File Anatomy & Safety

Migration File Structure

Every migration file has a standard structure with metadata fields and up/down functions:

export default migration({
  description: "Add user authentication tables",
  up_revision: "001",
  down_revision: null, // null for the first migration

  up(m) {
    /* ... */
  },
  down(m) {
    /* ... */
  },
});

Field	Description
description	Human-readable summary shown in alab status
up_revision	This migration’s revision ID (auto-filled from filename)
down_revision	Previous migration’s revision ID (null for the first migration)

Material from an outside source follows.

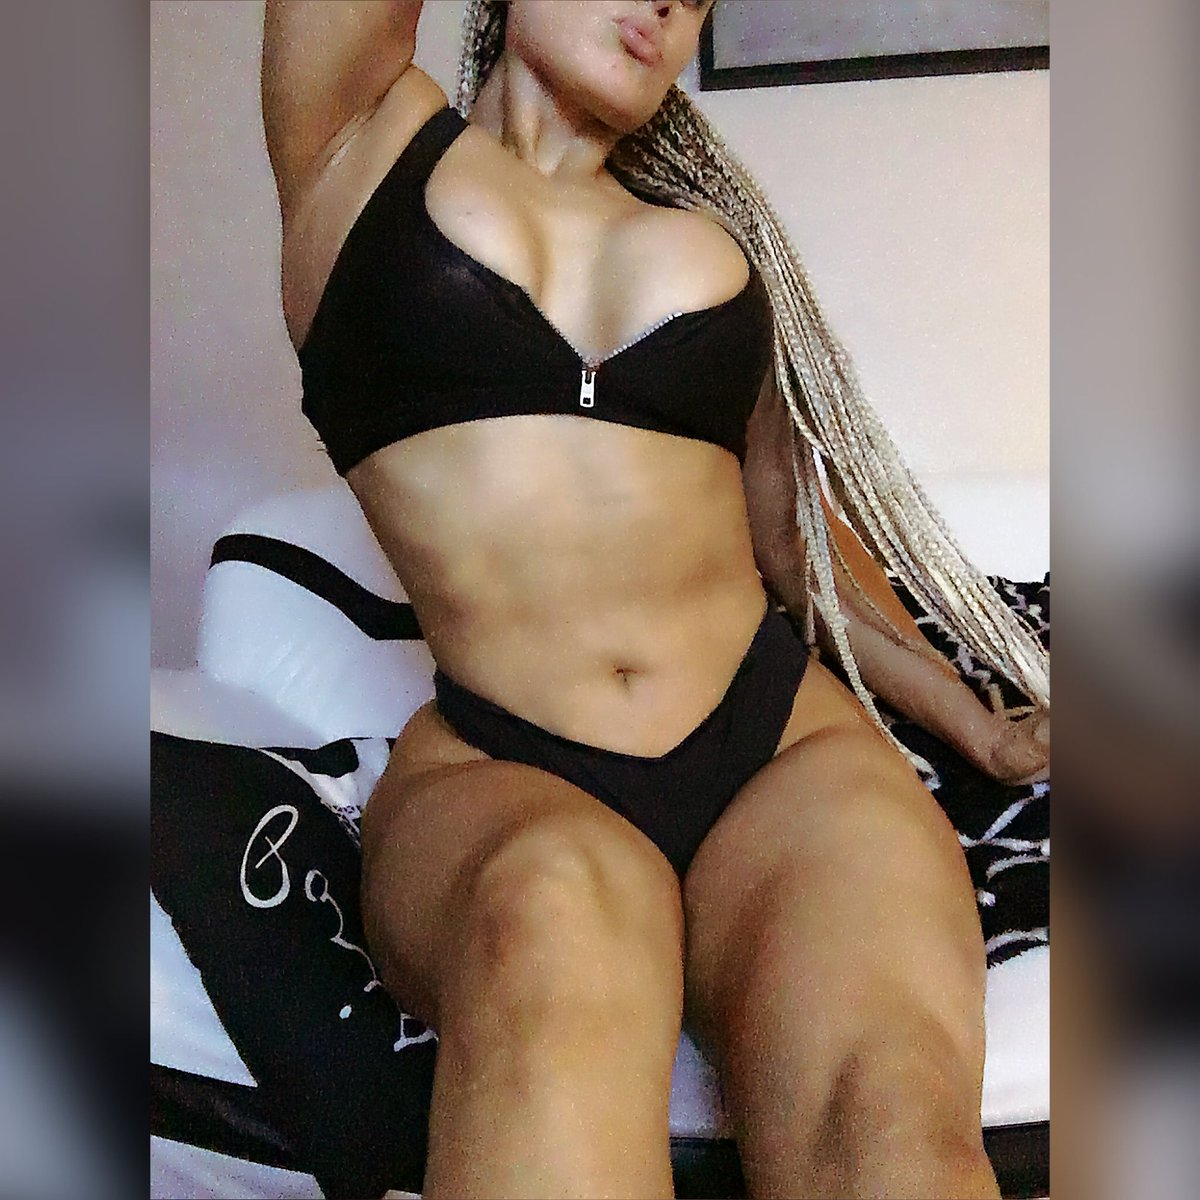 Antoinette Soto

Here’s a complete example:

export default migration({
  description: "Create auth and blog tables",
  up_revision: "001",
  down_revision: null,

  up(m) {
    m.create_table("auth.role", (t) => {
      t.id();
      t.string("name", 100).unique();
      t.timestamps();
    });

    m.create_table("auth.user", (t) => {
      t.id();
      t.string("email", 255).unique();
      t.boolean("is_active").default(true);
      t.string("password", 255);
      t.string("username", 50).unique();
      t.timestamps();
    });

    m.create_table("blog.post", (t) => {
      t.id();
      t.belongs_to("auth.user").as("author");
      t.text("body");
      t.string("title", 200);
      t.timestamps();
    });
    m.create_index("blog.post", ["author_id"]);
  },

  down(m) {
    m.drop_table("blog.post");
    m.drop_table("auth.user");
    m.drop_table("auth.role");
  },
});

Tables are created in dependency order (referenced tables first). The down() function reverses everything in up(). See the DSL Reference for all available m.* and t.* methods.

Backfilling Data

When adding a NOT NULL column to a table with existing rows, use the .backfill() modifier to safely populate existing rows:

export default migration({
  up(m) {
    m.add_column("blog.post", (col) =>
      col.string(20, "status")
        .default("draft")
        .backfill("draft") // Populates existing rows
    );
  },

  down(m) {
    m.drop_column("blog.post", "status");
  },
});

How it works:

• Column is added as nullable first
• Batched UPDATE populates existing rows (5,000 rows per batch)
• 1-second sleep between batches allows AUTOVACUUM to run
• WHERE column IS NULL makes operation idempotent (safe to re-run)
• Finally, NOT NULL constraint is applied

Performance: ~4,000-5,000 rows/sec throughput. A 1M row table takes approximately 3-4 minutes to backfill.

Rename Hints

If the interactive rename detection (during alab new) doesn’t catch a rename, you can provide explicit hints in the migration file:

export default migration({
  renames: {
    columns: {
      "auth.user.email": "email_address",
    },
  },

  up(m) {
    m.rename_column("auth.user", "email", "email_address");
  },

  down(m) {
    m.rename_column("auth.user", "email_address", "email");
  },
});

The renames.columns object maps namespace.table.old_column to the new column name. This bypasses the rename-detection heuristic.

---

Integrity & Safety

AstrolaDB includes several layers of protection to prevent accidental data loss and migration tampering.

Checksum Chain

Every migration is part of a checksum chain. Each checksum is computed as sha256(file_content + previous_checksum), starting from a "genesis" seed. Modifying any file invalidates all subsequent checksums.

When you run alab migrate, the runner verifies checksums against the database. If a file was modified after being applied, migration is blocked.

Caution

Never edit a migration file after it has been applied. Create a new migration instead.

Lock File

The alab.lock file tracks all migration files via SHA-256 checksums. The first line is an aggregate checksum of all files — a single value that detects any change. Manage it with alab lock status, alab lock verify, and alab lock repair. It updates automatically after alab migrate and alab squash.

Destructive Operations

Migrations containing DROP operations require --confirm-destroy:

alab migrate --confirm-destroy

Note

The --force flag does not bypass this check. You must use --confirm-destroy specifically — forcing past lint warnings is different from confirming data deletion.

Git Safety

Before applying migrations, AstrolaDB checks your git working tree. Modified migration files block the run (override with --force). Uncommitted schema changes trigger a warning.

SQL Determinism

Use alab check --determinism to verify migrations produce consistent SQL. It re-generates SQL from each applied migration and compares against the stored sql_checksum. Catches non-deterministic migrations (e.g., using Date.now()).

Distributed Locking

Multiple processes sharing a database are protected by distributed locking. Use --skip-lock for single-writer CI environments, or --lock-timeout 60s for custom timeouts. Release stuck locks with alab lock release --force.

Tip

See CLI Commands for the full flag reference for all safety features.